=== What you need to do ===
From the entries below, return only the lines starting at the one that contains "Женские зимние ботинки" and ending at the one that contains "دستبند طلا زنانه", exactly as they stand.

*** Opening Dataset records ***

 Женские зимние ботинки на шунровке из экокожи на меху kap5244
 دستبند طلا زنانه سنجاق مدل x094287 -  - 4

*** Closing Dataset records ***
*** Opening Dataset records ***

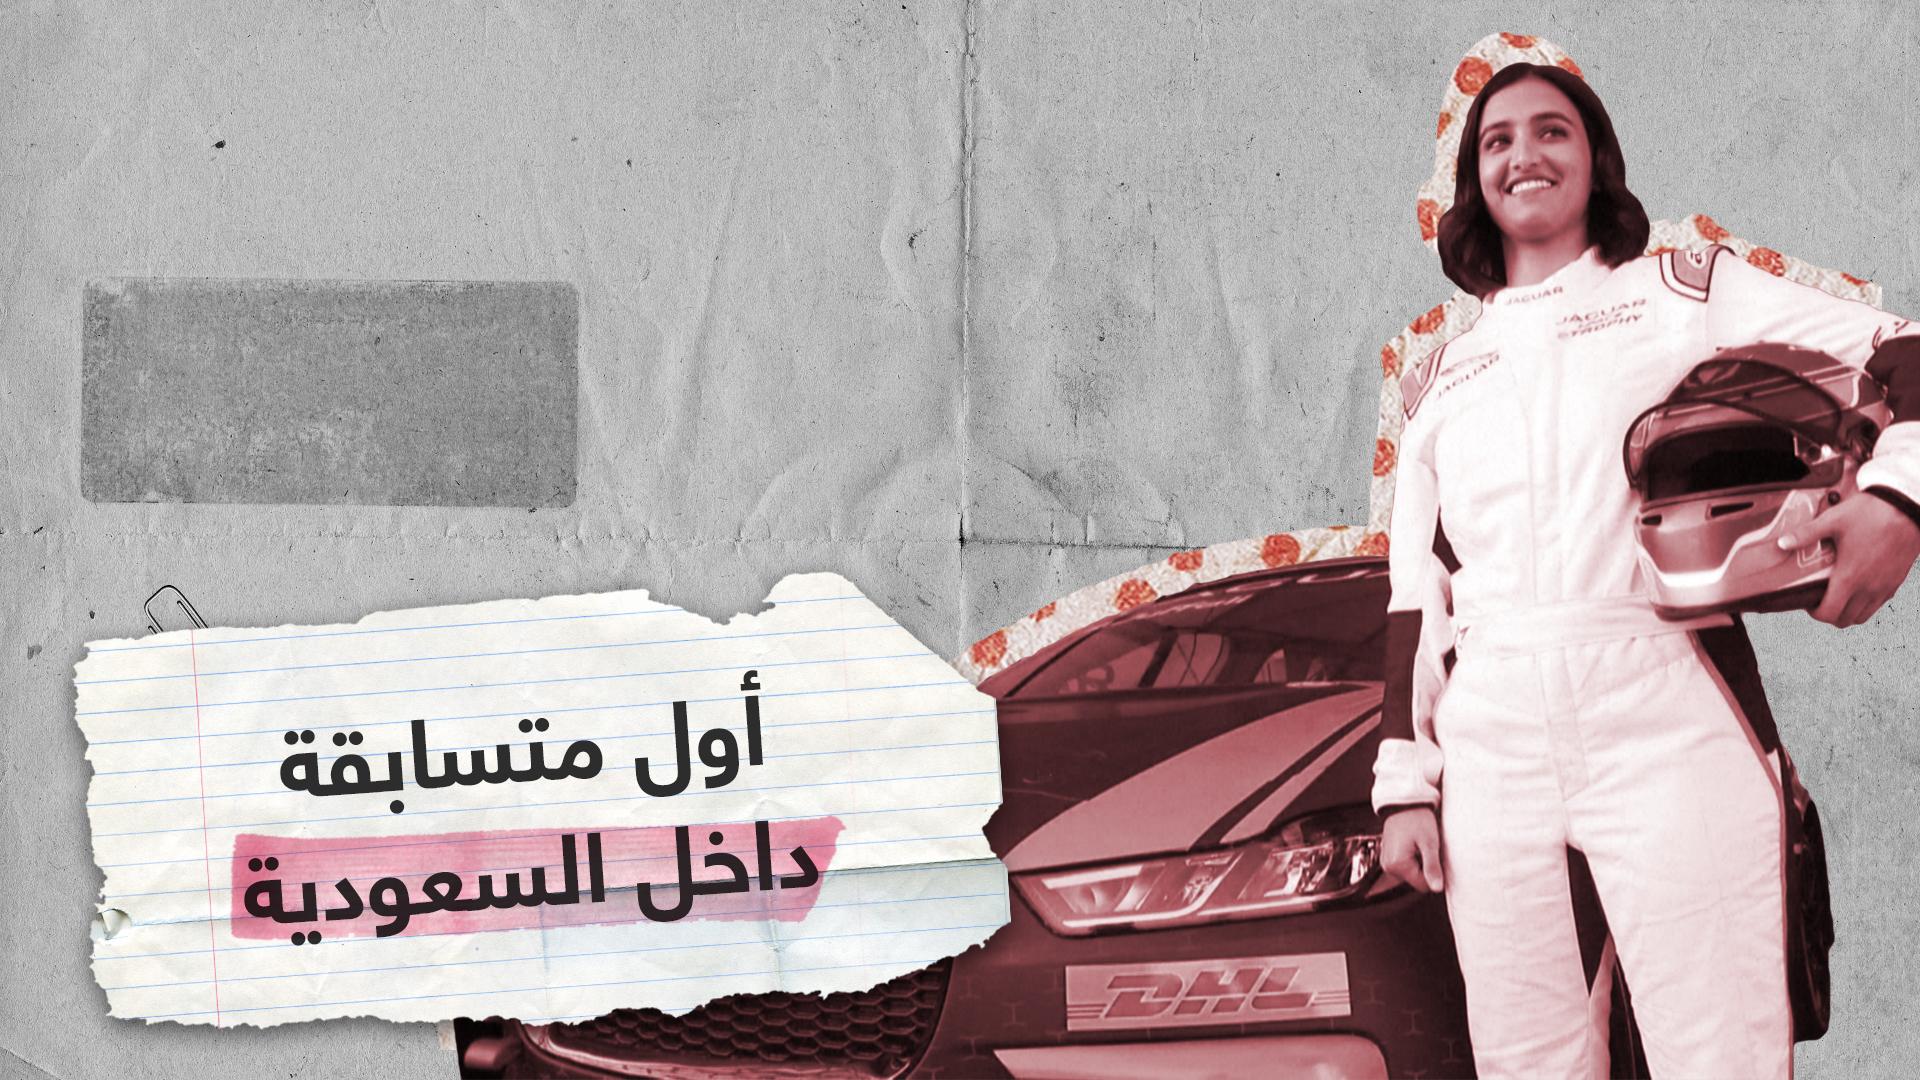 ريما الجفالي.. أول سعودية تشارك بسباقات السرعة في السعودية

*** Closing Dataset records ***

=== Written answer ===
 Женские зимние ботинки на шунровке из экокожи на меху kap5244
 دستبند طلا زنانه سنجاق مدل x094287 -  - 4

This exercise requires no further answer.